Bahkan beberapa guru menyadari bahwa siswa begitu menikmati kegiatan di sekolah sampai tidak ingin pulang. Tentu, masih ada guru yang menerapkan pendekatan lebih keras, tetapi secara keseluruhan, banyak guru yang sudah mulai menerapkan metode yang lebih menyenangkan dalam pembelajaran, termasuk dalam mata pelajaran matematika. Dulu, matematika dianggap sulit oleh banyak siswa, tetapi dengan strategi baru yang diterapkan, anak-anak menjadi lebih senang belajar matematika. Dampak positif ini membuat siswa merasa lebih betah di sekolah, menciptakan lingkungan belajar yang lebih kondusif dan menyenangkan.
Komunitas GSM Kendal, yang baru terbentuk di akhir tahun 2023, berfokus pada pembentukan panitia dan menyusun kekuatan internal. Retno telah mengajak sekitar 20 sekolah yang memiliki visi serupa untuk bergabung. Dengan membentuk komite yang solid, komunitas ini berharap dapat mulai bergerak aktif pada Januari 2024. Agenda GSM yang kaya informasi dan inspiratif diharapkan dapat mendorong terobosan baru dalam dunia pendidikan di Kabupaten Kendal.
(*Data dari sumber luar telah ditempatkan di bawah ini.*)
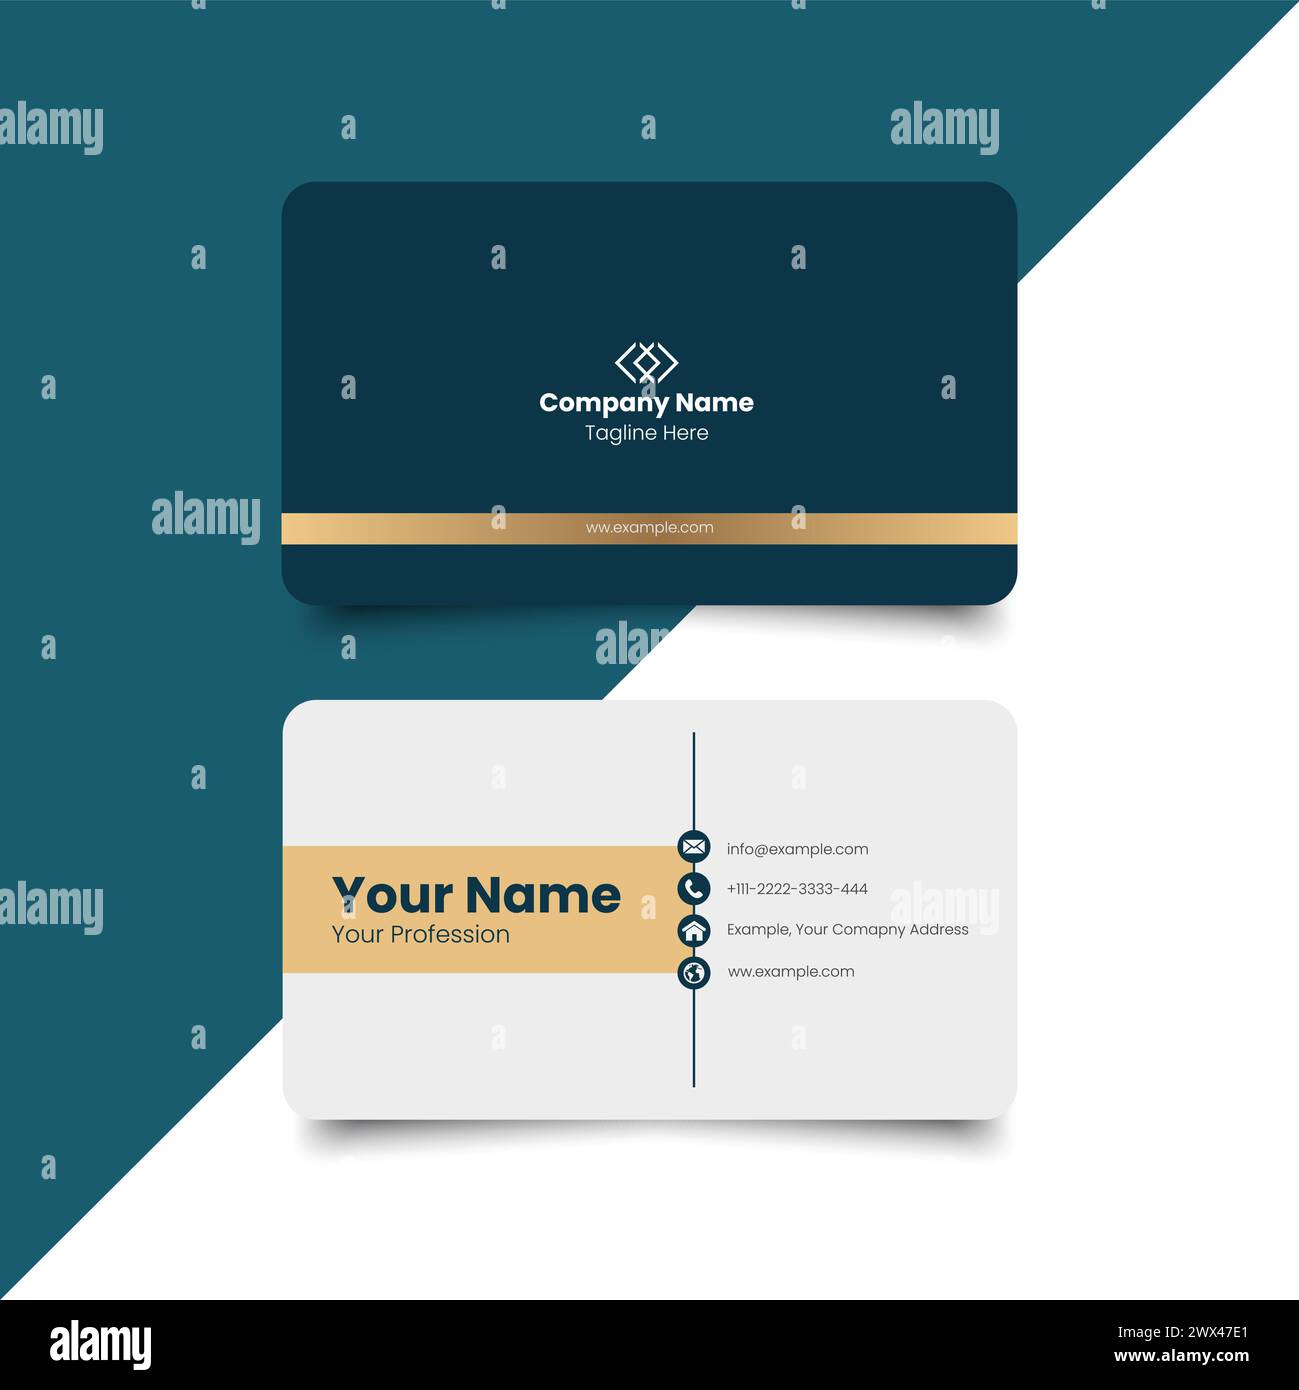 Web Simple Business Card Layout. creative modern name card and business card. Clean Design. corporate design template,Clean professional business card Stock Vector

Retno Sulistyowati dan komunitas GSM Kendal optimis bahwa dengan dukungan penuh dari para pendidik dan birokrat, Gerakan Sekolah Menyenangkan dapat menjadi katalis perubahan positif dalam sistem pendidikan di wilayah mereka. Keinginan kuat untuk menghadirkan lingkungan belajar yang menyenangkan dan inklusif menjadi fondasi utama perjuangan mereka.